There’s one more issue. In particular when you’re coding with scikit-learn, you need to set random seeds all over the place. Every single function that has random behavior has its own separate random number generator. So you can quickly face the situation where you need many random seeds. Want to do a train/test split? Please provide a random seed. Want to do a t-SNE? Please provide a random seed. Want to do a PCA? Please provide a random seed. Want to fit a random forest model? Please provide a random seed. You will quickly run into decision fatigue where you won’t have the energy to come up with new random seeds everywhere. You could set up an elaborate scheme where you have a master random number generator which you use to generate random seeds for each step of your analysis, but come on, nobody is going to do this. So I still think it is better to get into the habit of not setting a random seed at all and instead relying on the system random noise the library uses by default.
Let me end with this post on BlueSky by Ehud Karavani. It captures the right attitude. This is what you should be doing.
If brown M&Ms don’t mean anything to you, read this (true) story about how the rock band Van Halen would demand no brown M&M’s in the backstage area. This demand was meant purely as a test to see whether the production company had actually read the entire contract and could be considered reliable.

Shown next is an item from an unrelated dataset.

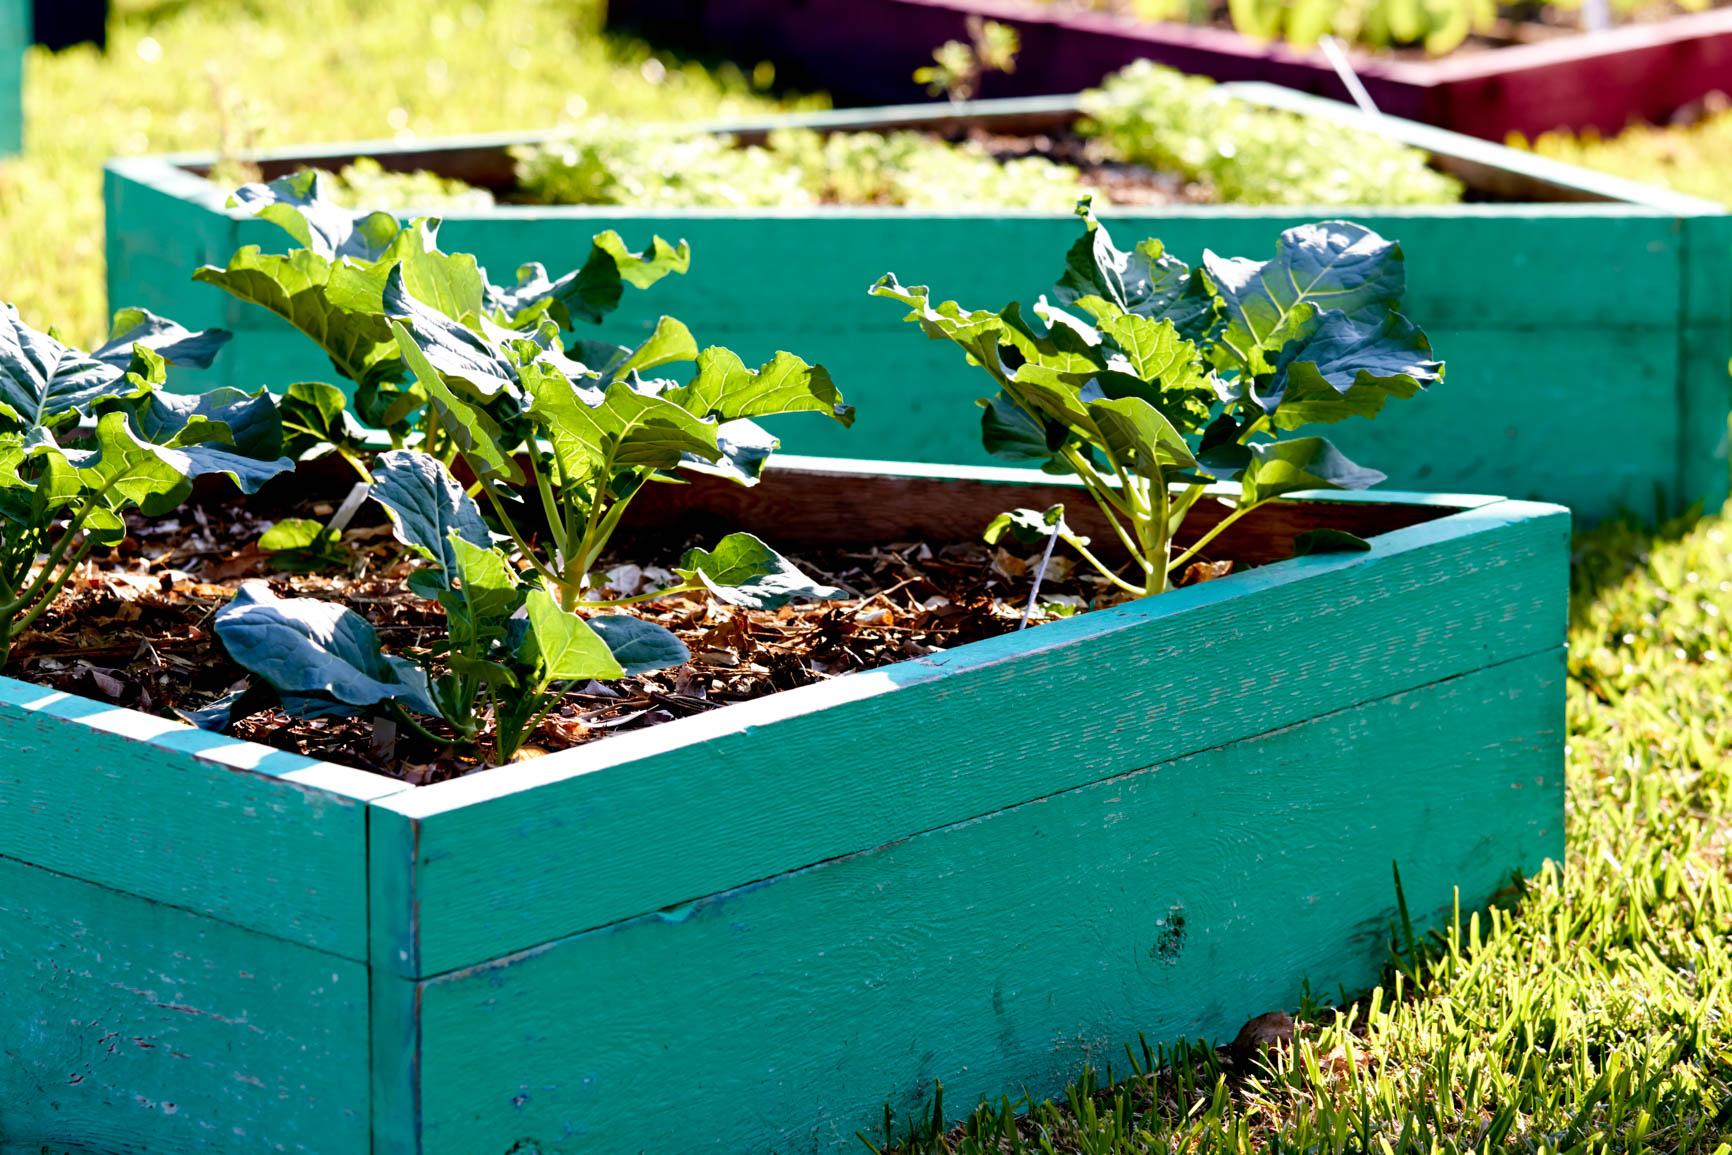 growing kale in the garden

I’m not discounting that there are a handful of people who routinely use a seed of 42 when it won’t cause any issues and yet appropriately use a range of different seeds when it matters. They’re probably the people writing the scikit-learn documentation.
And let me just emphasize that if you see yourself in John, I don’t think John is a bad student. He’s probably a very good student. He just doesn’t know much about how random number generation works. That’s fine. There are more things to know than any one person can ever absorb. Everybody has knowledge gaps somewhere.
Another good article. My only comment is that I never heard the Van Halen story but it reminded me of a distant memory. A rapper (I think Wiz Khalifa) came to town and I remember someone telling me he had a provision that he couldn't have any M&M's of a specific color, I think green not brown, and we laughed it off as pampering. Whoever it was, and whatever color, guess I shouldn't have been quick to judge!
Thanks again for the good math.
If you want to have serious fun, correct a redditor's bad arithmetic by informing them that 0.45% = 0.0045.
And then sit back while five or more people try to tell you that you're wrong.